# hydroponic method to grow plants



## freshreef (May 14, 2004)

what do u think about it? 
did any of u tried it? 
we have a few "grow your own" shops (your own weed/grass ;-) ) but they hold very nice tricks - can i make hydro greenhouse for water plants (ludwigias, rotalas, "grass" plants like eleocharis, hemiantus etc )? 

if not , can i use their substrate ( small pure clay balls) ?


----------



## MiamiAG (Jan 13, 2004)

mor b said:


> what do u think about it?
> did any of u tried it?
> we have a few "grow your own" shops (your own weed/grass ;-) ) but they hold very nice tricks - can i make hydro greenhouse for water plants (ludwigias, rotalas, "grass" plants like eleocharis, hemiantus etc )?
> 
> if not , can i use their substrate ( small pure clay balls) ?


Of course you can. This is how most nurseries grow plants.

Pictures from Tropica:

















Pictures from Florida Aquatic Nurseries:

















Oriental in Singapore:









Substrates vary on the setup you use and the plant you are growing. Also, the maturity of the plant is important.
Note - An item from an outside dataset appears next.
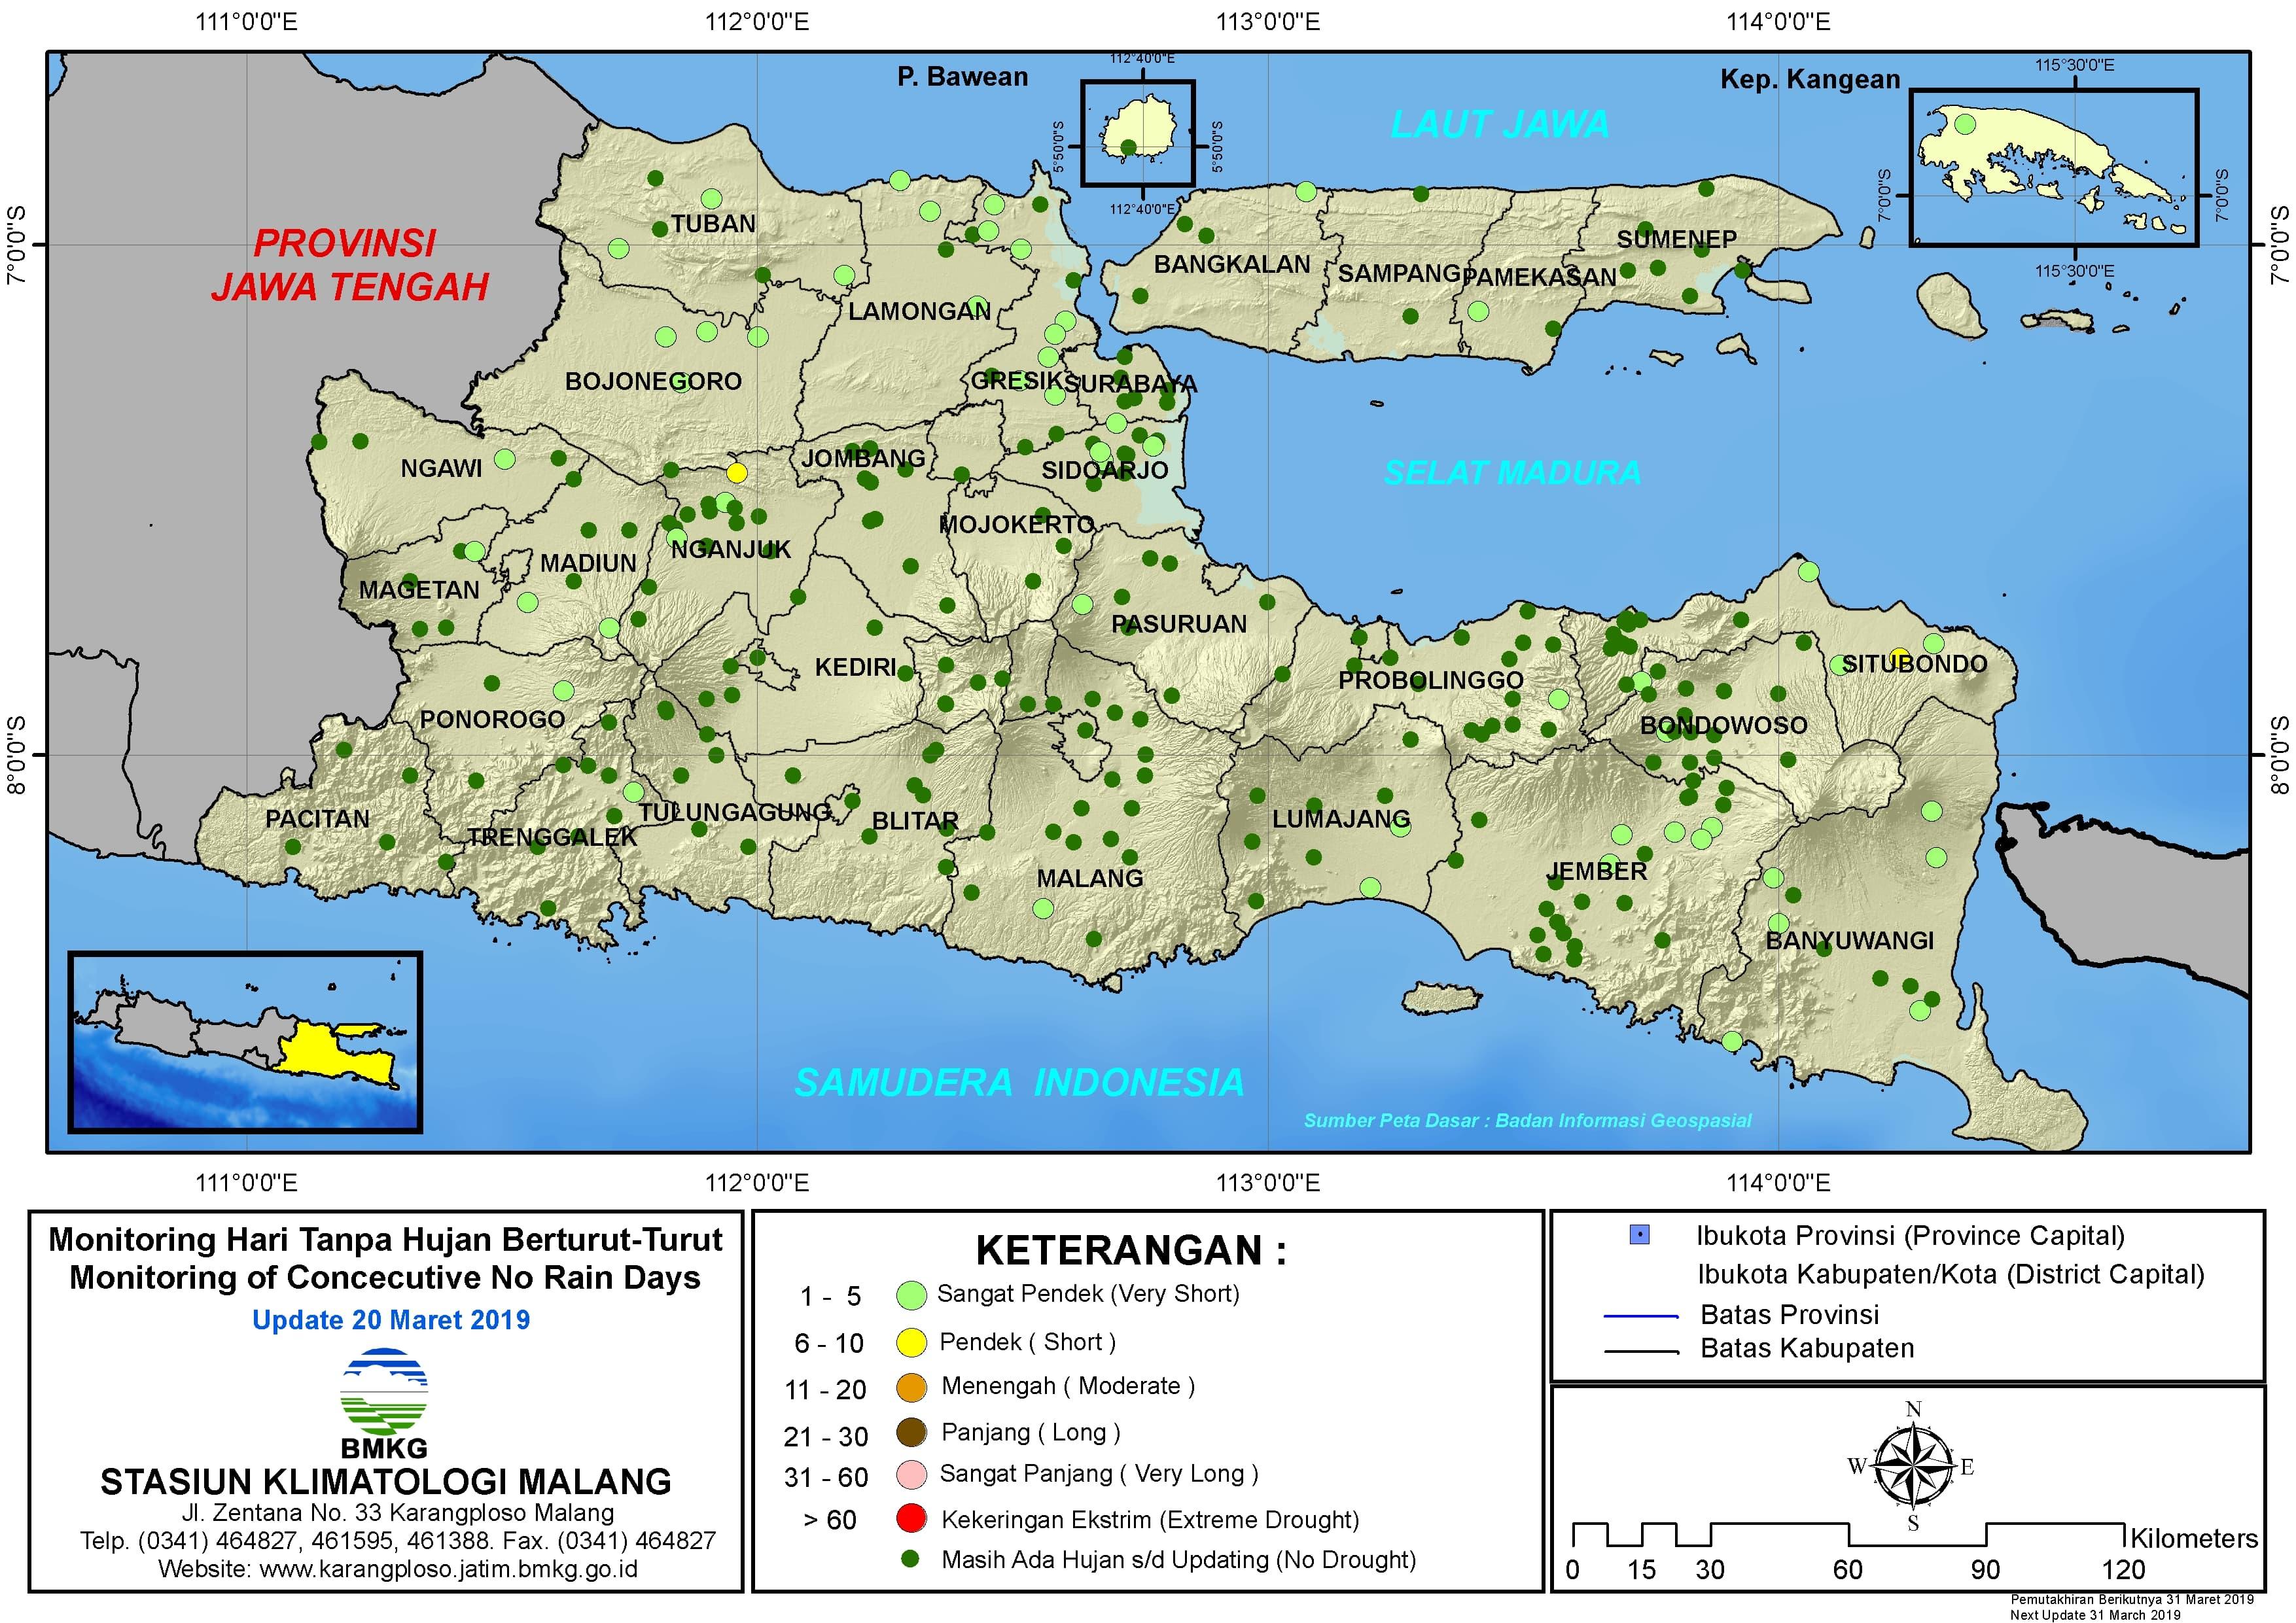 Peta Monitoring Hari Tanpa Hujan Berturut Turut Update 20 Maret 2019 di Provinsi Jawa Timur
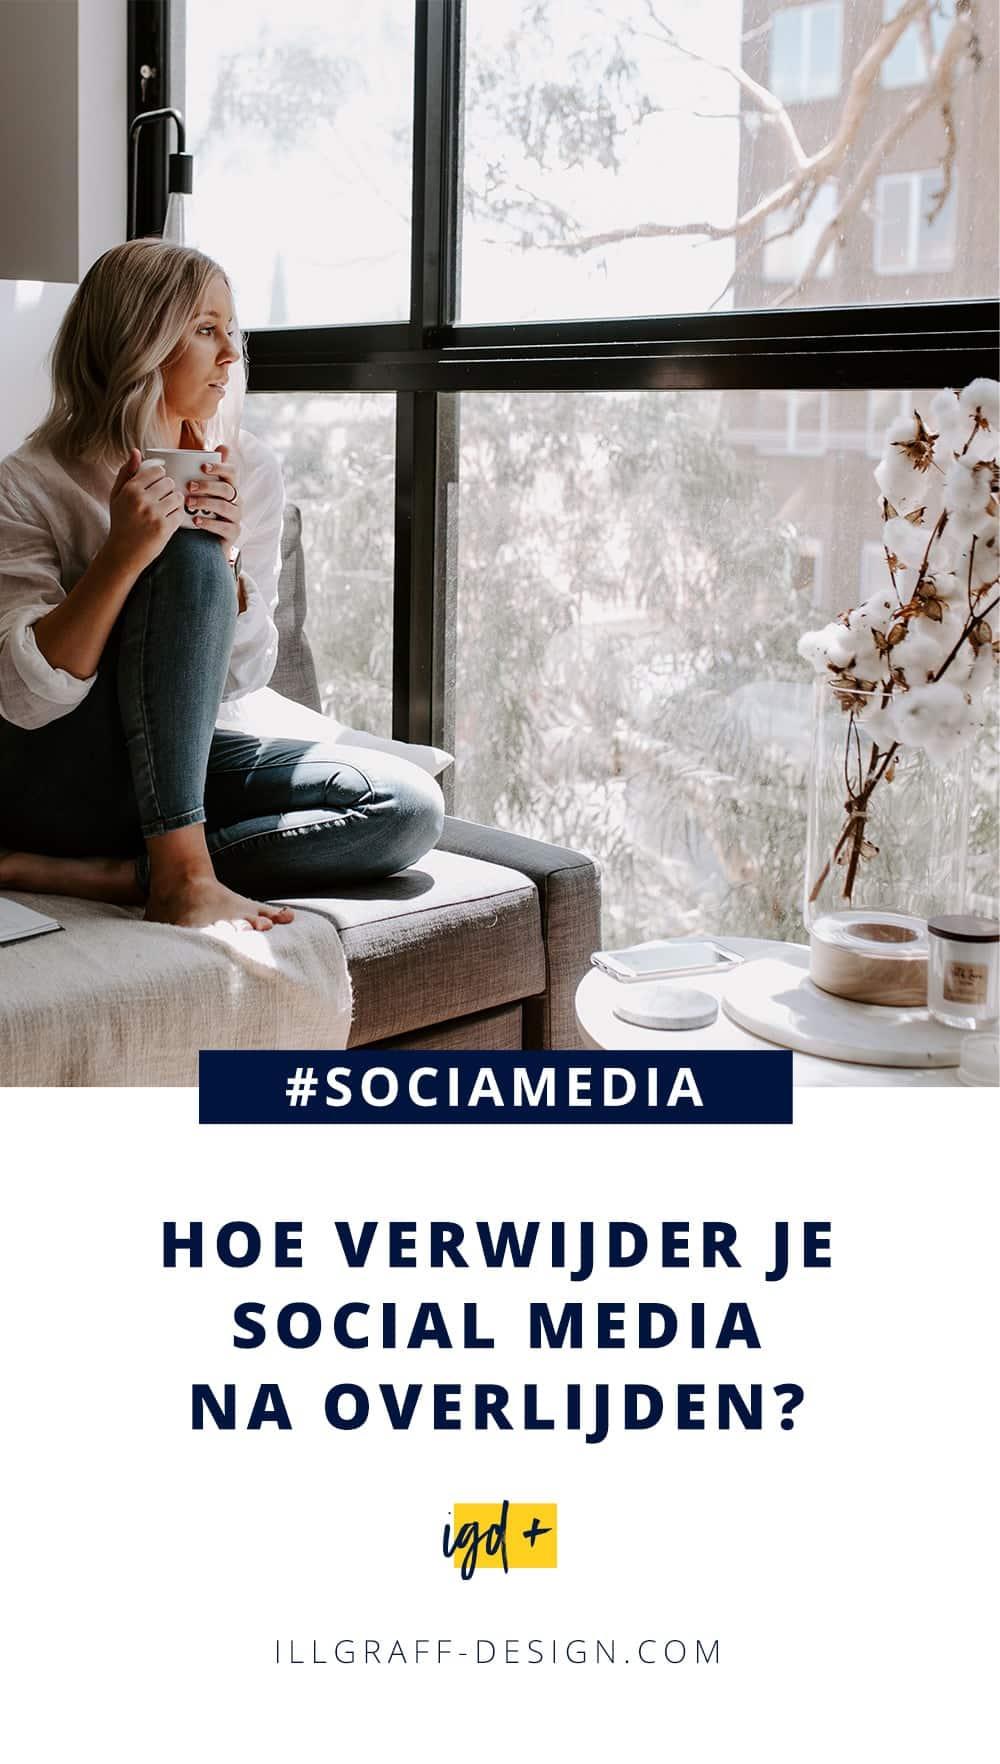 Social media, Internet en overlijden

My set up was made up of hydroponic growing trays connected to each other and then to a reservoir underneath. The plants where in styrofoam rafts that floated in the nutrient solution.


----------



## punie (Jan 10, 2005)

Any chance of us getting to see your setup, Art?
I've been scouring online for ages but have yet to come to a site that teaches a step by step guide to setting up and emersed setup.
Going to the hydro store and asking, i feel like i'm being suckered into buying stacks of over priced items and stuff i never needed.

Cheers,
Jerome


----------



## MiamiAG (Jan 13, 2004)

Jerome,

Sure, I posted a picture and talked about it here. Unfortunately, I don't have any other pics that I can find. I can answer any questions you may have.


----------



## Phil Edwards (Jan 22, 2004)

If you're interested in doing hydroponic growing inside for less than you can get at your local Weed Shop, try getting a few 10g tanks and plumbing them all to the same pump for circulation. Then it's just a matter of making an eggcrate riser and punching holes in plastic pots to allow circulation under and into the pots. Using an inert medium such as Perlite or Shultz Aquatic Plant Soil is your best bet. Soils are possible, but are much more likely to cause problems in hydroponic culture.


----------